# DESCRIPTION OF THE TASK
Copy the data below exactly. Any pictures in it should be omitted.

# DATASET SECTION
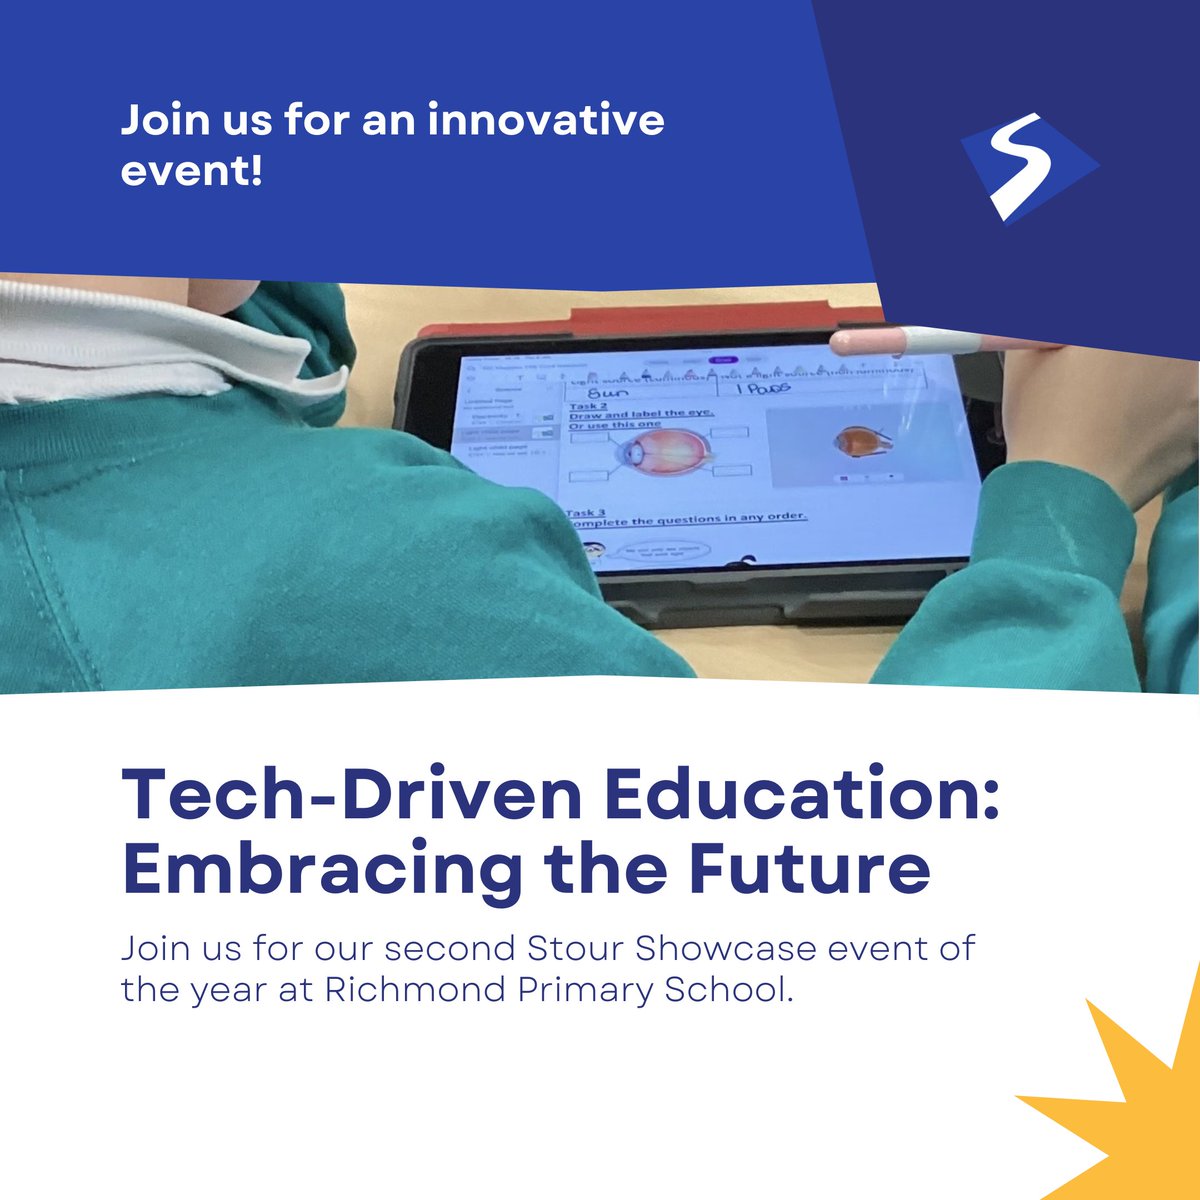 Join us for our second Stour Showcase event of the year at Richmond Primary School. eventbrite.co.uk/e/stour-showca… #EdTech #InnovationInEducation #FutureOfLearning #digitaltransformation #stourshowcase #primaryedcation
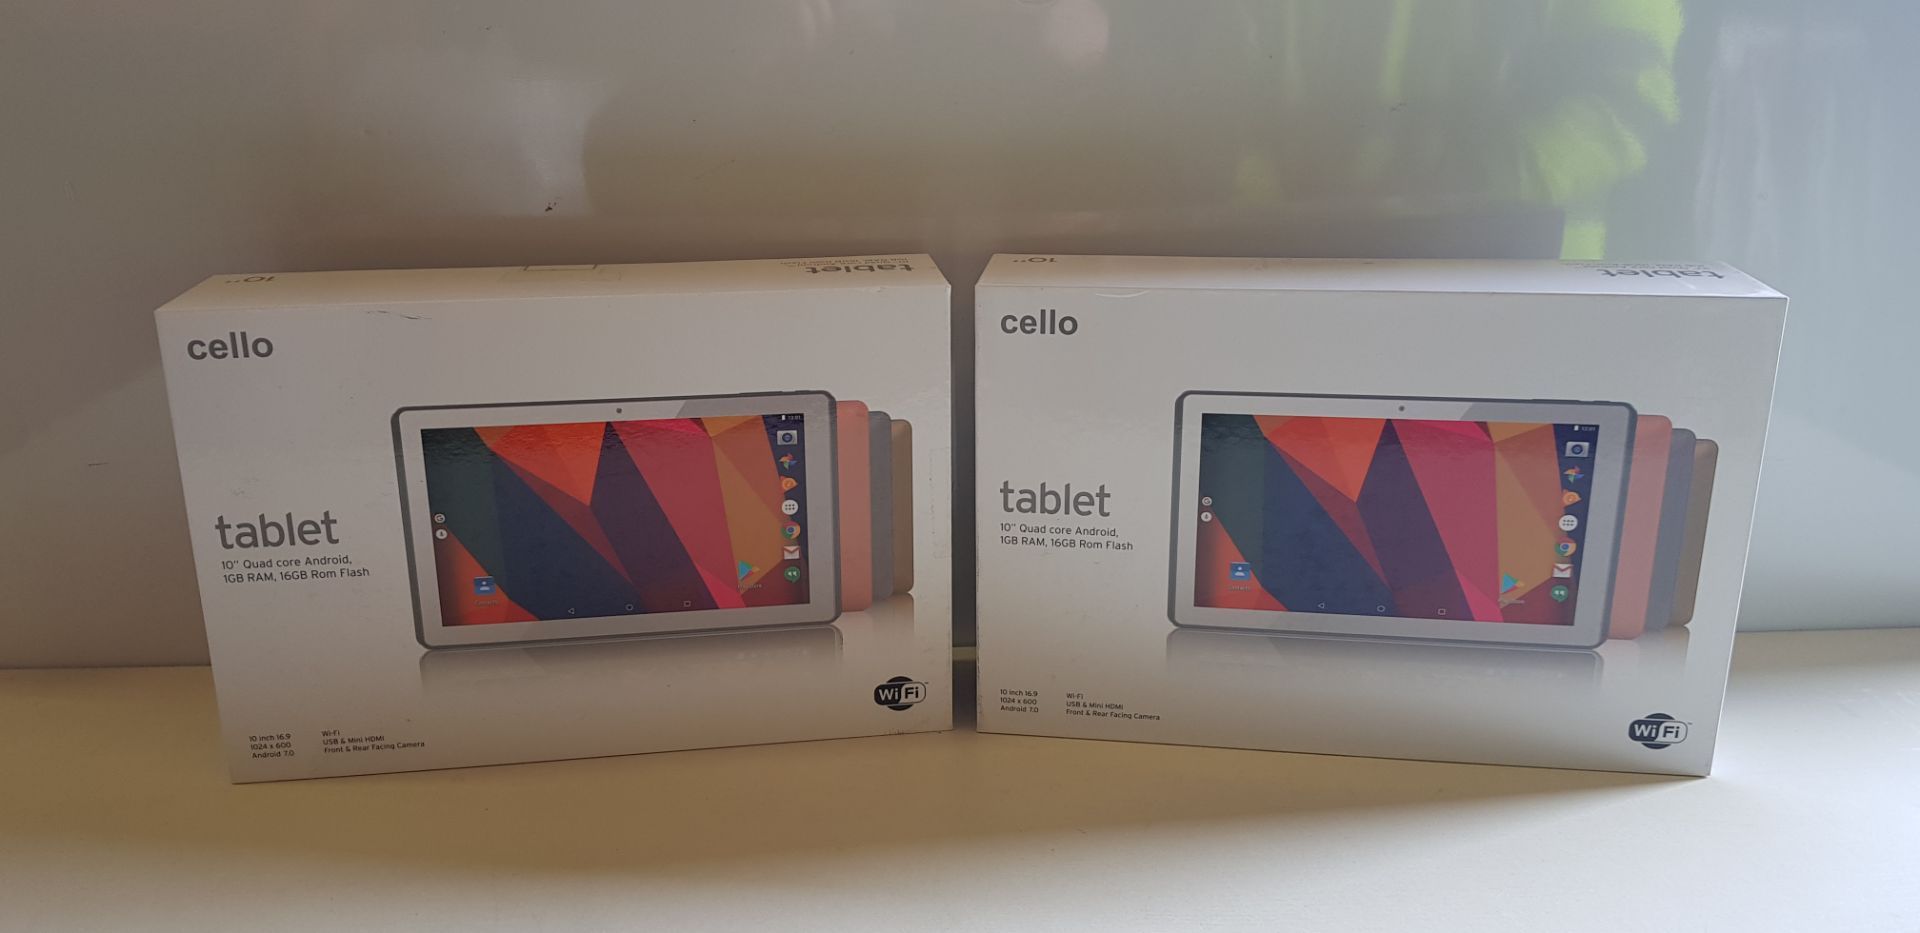 2 X BRAND NEW CELLO TABLETS 10 QUAD CORE ANDROID, 16GB RAM AND 16GB ROM FLASH
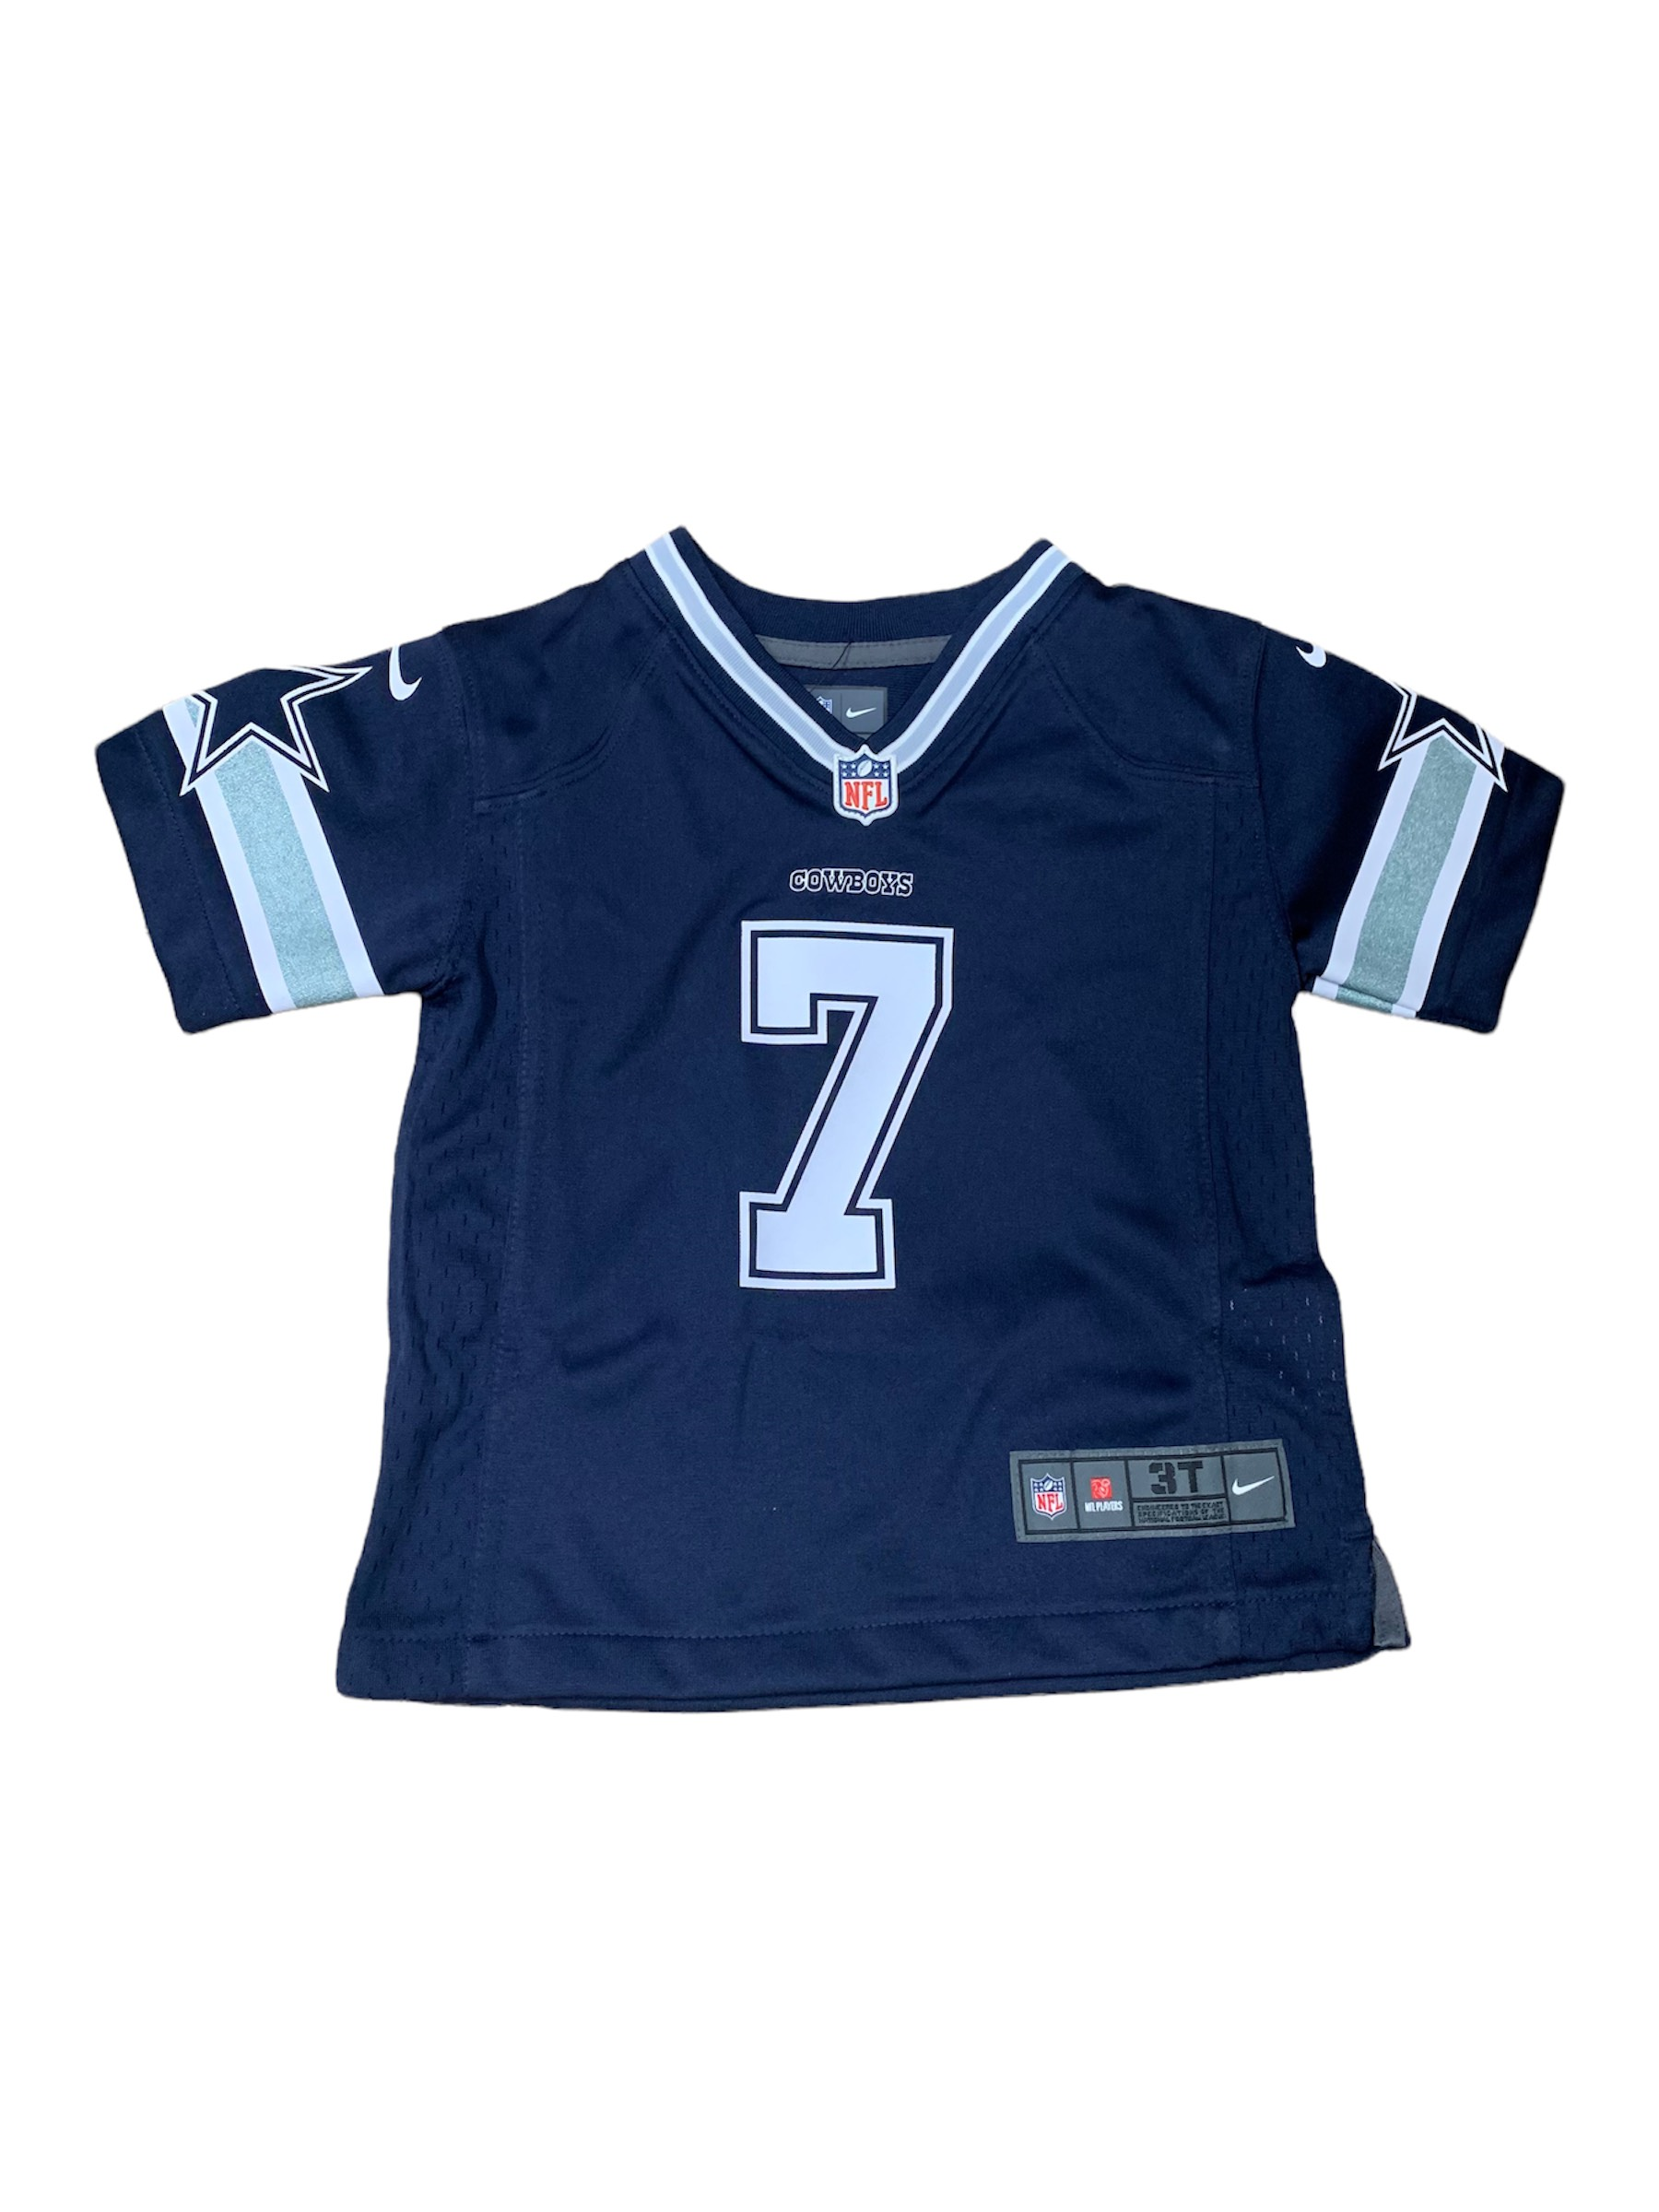 Dallas Cowboys Toddlers Trevon Diggs Game Jersey - Navy Blue / 2T

# ANSWER TO THIS TASK
 Join us for our second Stour Showcase event of the year at Richmond Primary School. eventbrite.co.uk/e/stour-showca… #EdTech #InnovationInEducation #FutureOfLearning #digitaltransformation #stourshowcase #primaryedcation
 2 X BRAND NEW CELLO TABLETS 10 QUAD CORE ANDROID, 16GB RAM AND 16GB ROM FLASH
 Dallas Cowboys Toddlers Trevon Diggs Game Jersey - Navy Blue / 2T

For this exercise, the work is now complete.